General Instructions

For this homework assignment, and all future homework assignments, provide only the results requested. Statistical programs are notorious for generating lots of output (some are worse than others), but it is up to the researcher to decide which results are useful in their analysis. If computer output is requested, it should be formatted and interpreted, not simply cut-and-pasted from the statistics program.

Questions

  1. Using the FEV dataset from the course web page or from the Rosner CD
    1. Summarize the variables age, fev, height, sex and smoke by choosing appropriate numerical summary statistics (don't report all possible statistics).
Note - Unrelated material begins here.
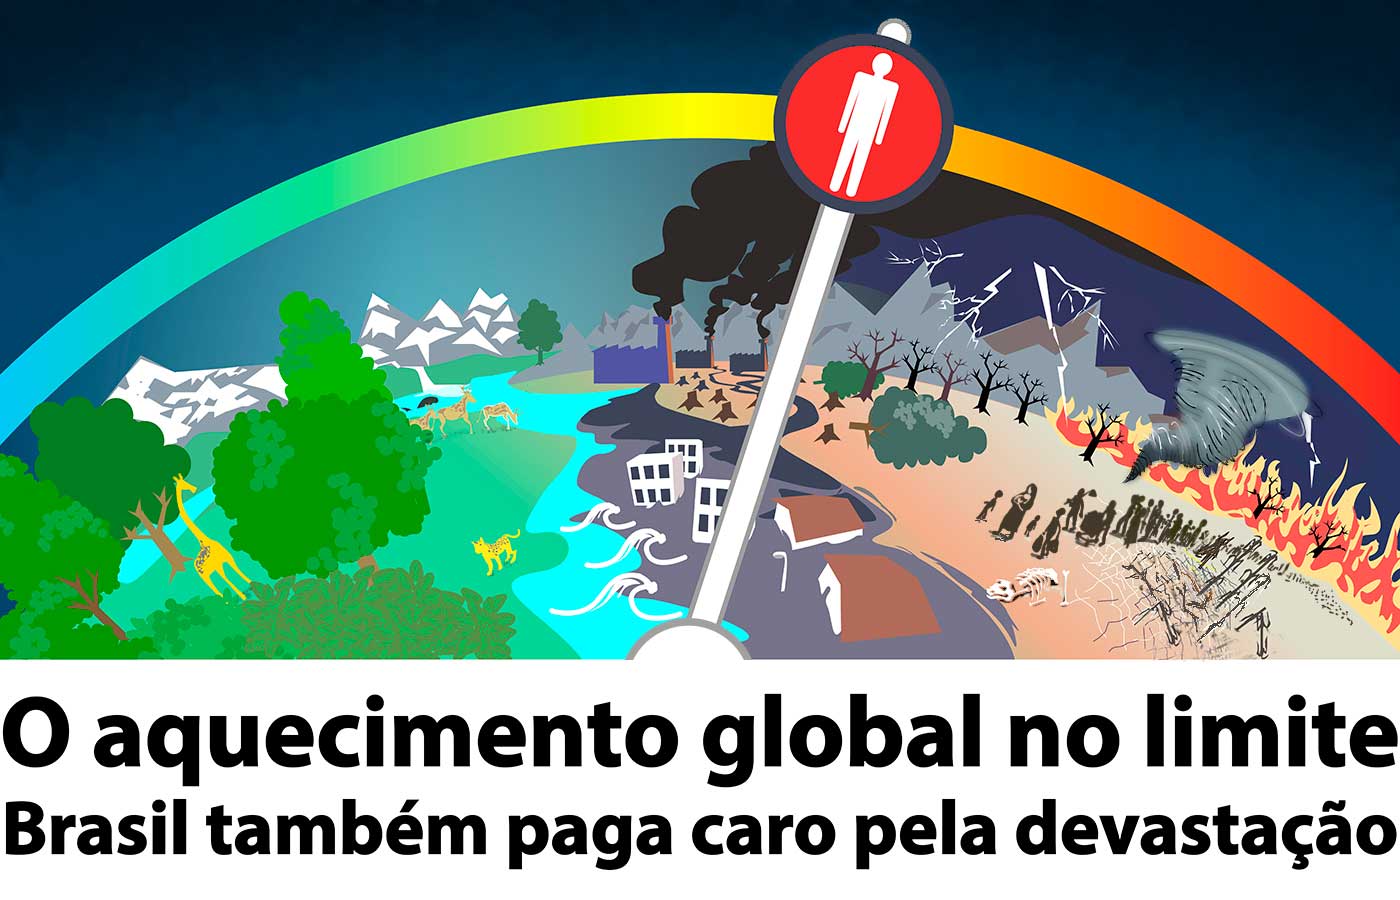 Transição energética é oportunidade para o Brasil exercer liderança global  - Jornal O Globo

Present your summaries in a small table suitable for submission to a scientific journal. Include a brief, one-paragraph narrative describing the five variables in your table.
    2. Create a box plot of fev by sex. Give the x-axis and y-axis approriate labels. Include this plot in your homework.
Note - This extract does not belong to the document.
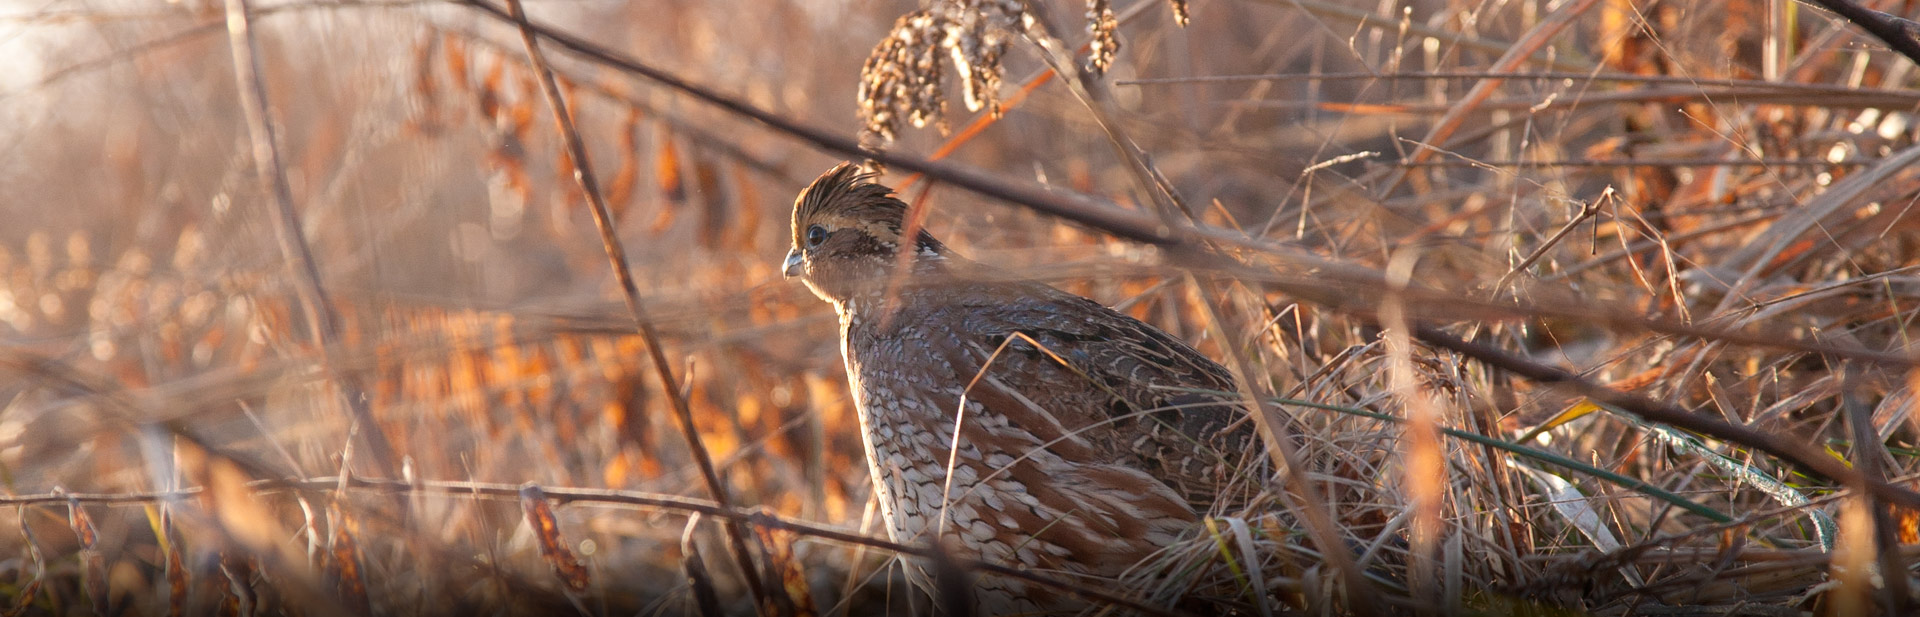 quail in grass

    3. Using the box plot, describe in words the distribution of fev for females and males. Do the females or males have a larger median FEV? Do males or females have a larger inner-quartile range? Could the spread of fev in males be adequately described using the standard deviation? Why or why not?
    4. Calculate the (a) standard deviation and (b) standard error of the mean of fev for current smokers and non-current smokers. Explain why non-current smokers have a much lower standard error of the mean than current smokers in spite of the fact that the standard deviation (or variance) is larger among non-current smokers.
  2. Name six (6) or more problems with the "spreadsheet from hell."
  3. Suppose you were interested in summarizing the income of the residents of Bellevue, Washington (home of Bill Gates) or Omaha, Nebraska (home of Warren Buffett)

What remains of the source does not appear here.